Our vSAN is configured as manual disk claiming.
"esxcli vsan storage remove -s t10.ATA_____Micron_P420m2DMTFDGAR700MAX______________0000000015050F0B8C24" also just hang.
I think when vSAN tries to remove the disk, it want to write something into the disk, but that operation just hang.
SSD disk manager shows the disk is healthy:
"/opt/micron/bin/rssdm -L -n 1"
Drive Id : 1
Device Name : mtip_rssd1
Model No : Micron P420m-MTFDGAR700MAX
Serial No : 0000000015050F0B8C24
FW-Rev : B2180108
Total Size : 700.15GB
Drive Status : Drive is in good health
PCI Path (B:D.F) : 44:00.0
Vendor : Micron
Temp(C) : 61
Drive Id : 1
Drive information is retrieved successfully
CMD_STATUS : Success
STATUS_CODE : 0
It just doesn't want to go away 😞
Tried to follow CHogan 's suggestion VSAN Part 16 - Reclaiming disks for other uses - CormacHogan.com , but stuck on
vmkload_mod -u vsan
vmkload_mod -u plog
vmkload_mod -u lsomcommon
vsan module was unloaded successfully, but the other two module won’t go and gave me error
mkload_mod: Can not remove module plog: module symbols in use
vmkload_mod: Can not remove module lsomcommon: module symbols in use
and when I tried to wipeout the partition, I got
partedUtil delete /dev/disks/t10.ATA_____Micron_P420m2DMTFDGAR700MAX______________0000000015050F0B8C24 1
Error: Read-only file system during write on /dev/disks/t10.ATA_____Micron_P420m2DMTFDGAR700MAX______________0000000015050F0B8C24
Unable to delete partition 1 from device /dev/disks/t10.ATA_____Micron_P420m2DMTFDGAR700MAX______________0000000015050F0B8C24
vmkernel log has constant repeated log:
2016-01-27T16:04:10.039Z cpu2:32935)WARNING: LSOMCommon: SSDLOG_WriteLogEntry:592: Throttled: Log has encountered (Maximum kernel-level retries exceeded) error device: t10.ATA_____Micron_P420m2DMTFDGAR700MAX______________0000000015050F0B8C24:2
2016-01-27T16:04:40.043Z cpu3:32884)WARNING: LSOMCommon: SSDLOG_WriteLogEntry:592: Throttled: Log has encountered (Maximum kernel-level retries exceeded) error device: t10.ATA_____Micron_P420m2DMTFDGAR700MAX______________0000000015050F0B8C24:2
2016-01-27T16:05:10.047Z cpu15:32813)WARNING: LSOMCommon: SSDLOG_WriteLogEntry:592: Throttled: Log has encountered (Maximum kernel-level retries exceeded) error device: t10.ATA_____Micron_P420m2DMTFDGAR700MAX______________0000000015050F0B8C24:2
I guess I have to go physical now 😞
It's getting more and more unpleasant now 😞
I removed the SSD from the host physically, then booted the machine, it shows the SSD absent, then I am able to delete the faulty diskgroup.

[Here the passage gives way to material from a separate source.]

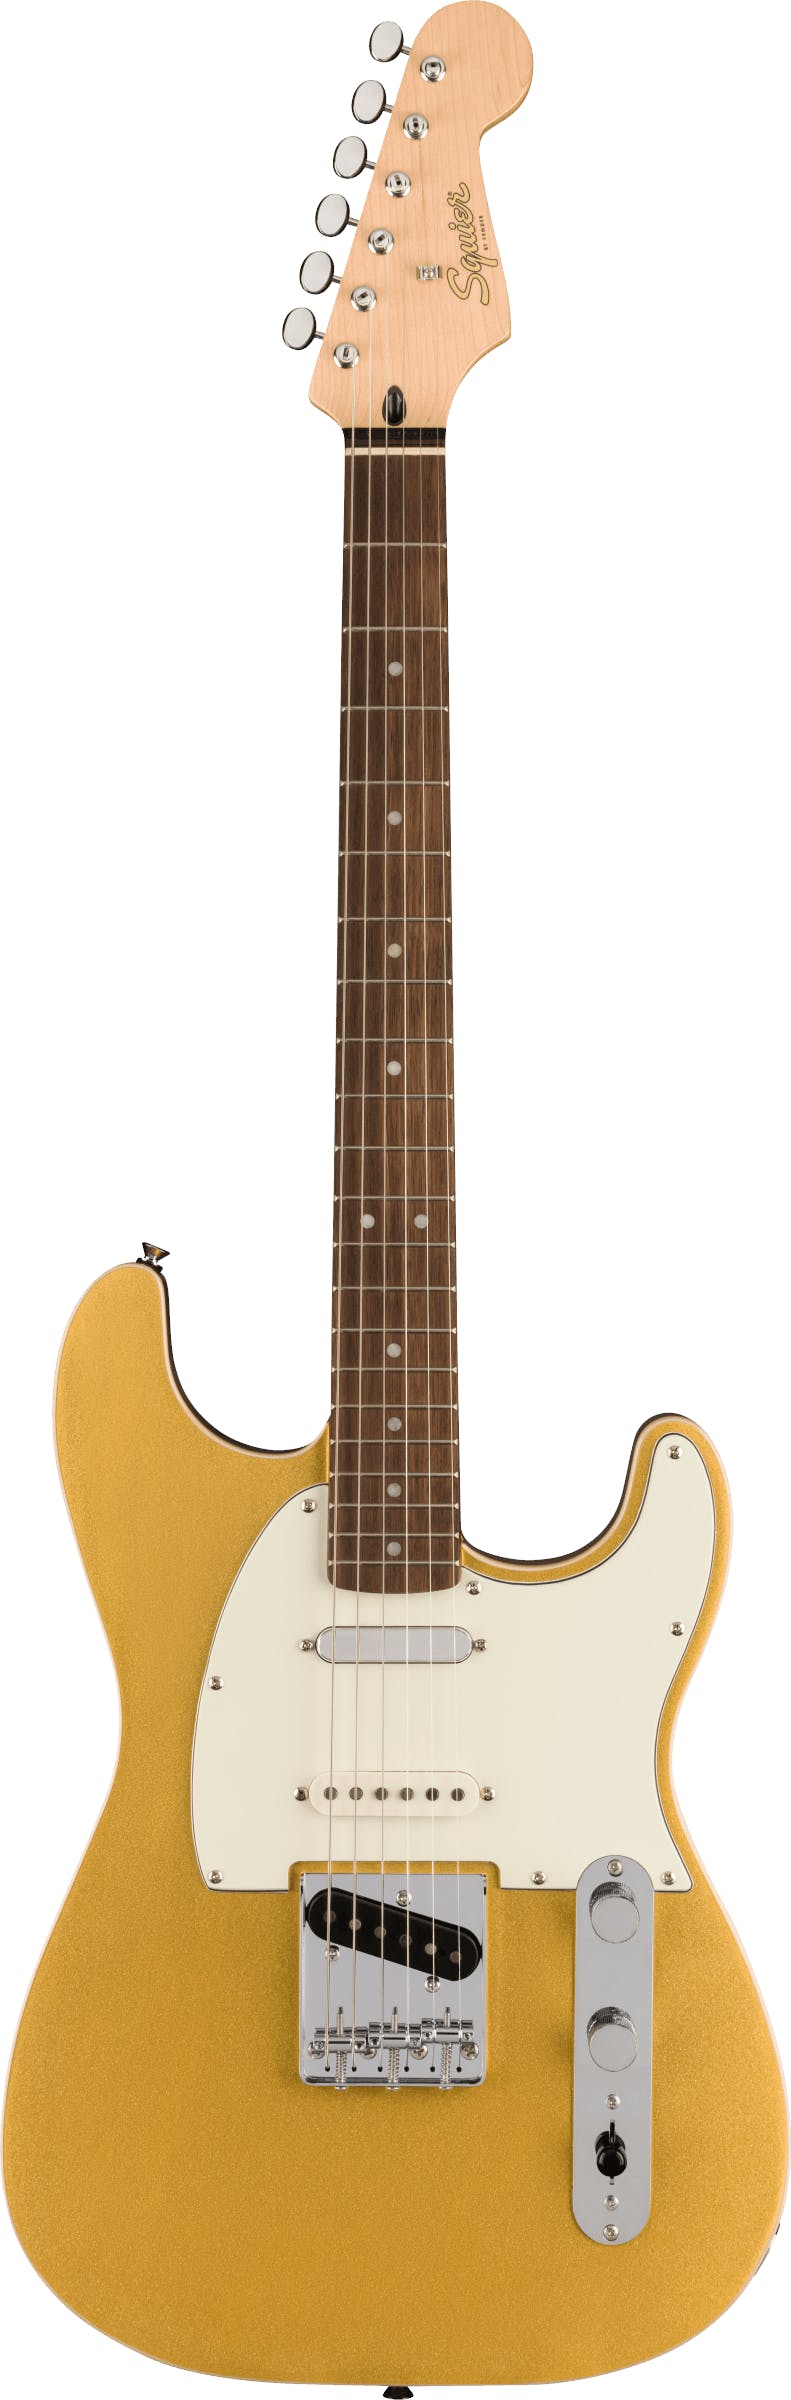 Squier paranormales 0377040578-Squier-Paranormal-Custom-Nashville-Stratocaster-Aztec-Gold.png
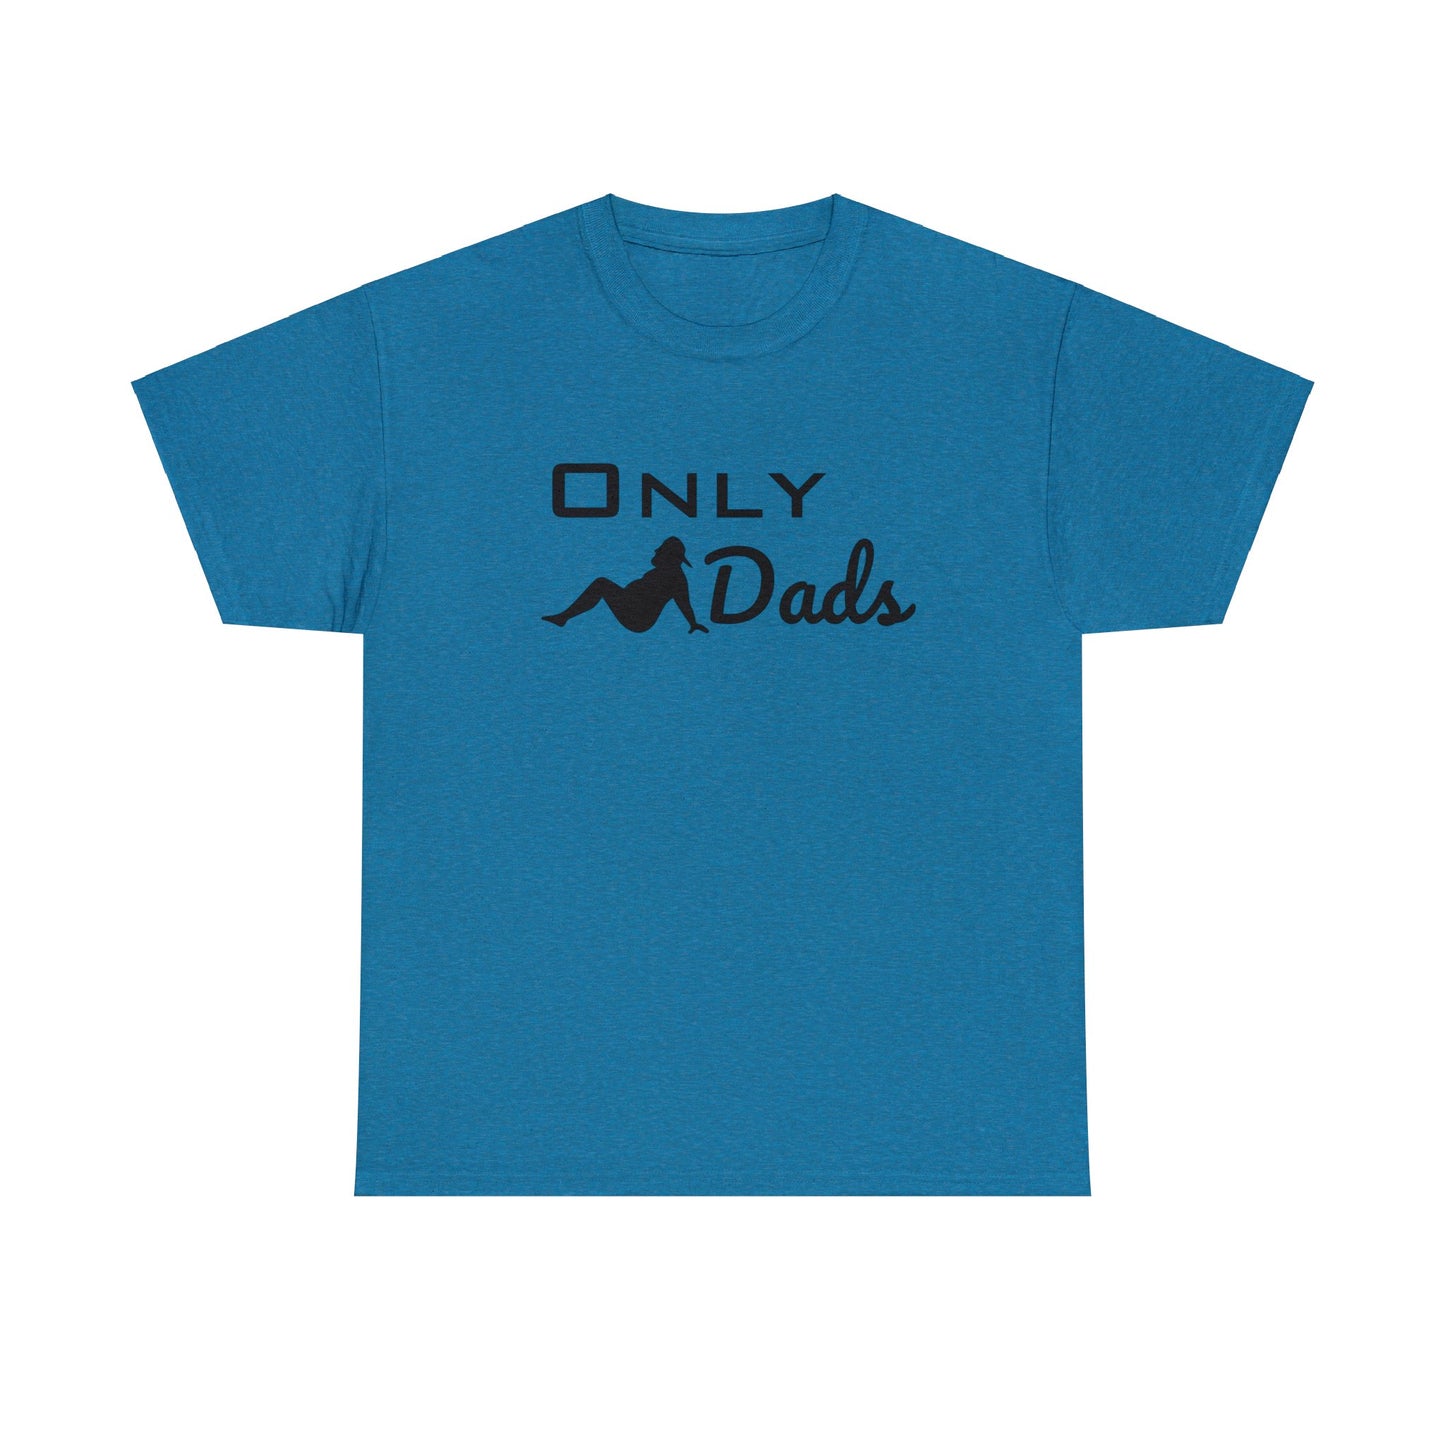 "Only Dads" printed unisex heavy cotton t-shirt for stylish fathers.

Then I shut the machine down and added the “faulty” SSD back, vSAN recognized it as the already deleted diskgroup with 6 absent Disk.
Tried to delete it, won’t go. Tried to manually wipe out the partition, still stuck in
vmkload_mod -u plog
vmkload_mod -u lsomcommon
2016-01-27T21:09:50.126Z cpu24:37977)WARNING: Mod: 5084: Unload of module plog failed : Busy
2016-01-27T21:11:44.461Z cpu18:38068)WARNING: Mod: 5084: Unload of module lsomcommon failed : Busy
partedUtil delete /dev/disks/t10.ATA_____Micron_P420m2DMTFDGAR700MAX______________0000000015050F0B8C24 1
Error: Read-only file system during write on /dev/disks/t10.ATA_____Micron_P420m2DMTFDGAR700MAX______________0000000015050F0B8C24
Unable to delete partition 1 from device /dev/disks/t10.ATA_____Micron_P420m2DMTFDGAR700MAX______________0000000015050F0B8C24
So vSAN can’t do anything with it. Meanwhile micron ‘s application shows the disk is healthy.
Opened support ticket with Vmware a week ago, so far besides the first call from a general engineer ( not a vSAN support ) , only got several emails and not much helpful information.
Is this node still in the cluster? "esxcli vsan cluster get"
If it is still part of the cluster, use "esxcli vsan cluster leave"
You won't be able to unload those modules if VSAN is still running, and those modules have a hold on the disk so you won't be able to delete the partition.
Did run "esxcli vsan cluster leave" .
esxcli vsan cluster get
VSAN Clustering is not enabled on this host
vmkload_mod -l | grep "vsan\|plog\|comm"
vsanbase 9 64
vsanutil 7 160
lsomcommon 4 260
plog 8 424
vsan 0 1068
vmkload_mod -u vsan
Module vsan successfully unloaded
vmkload_mod -u plog
vmkload_mod: Can not remove module plog: module symbols in use
vmkload_mod -u lsomcommon
vmkload_mod: Can not remove module lsomcommon: module symbols in use
Maybe there is another module. I just don't know which one.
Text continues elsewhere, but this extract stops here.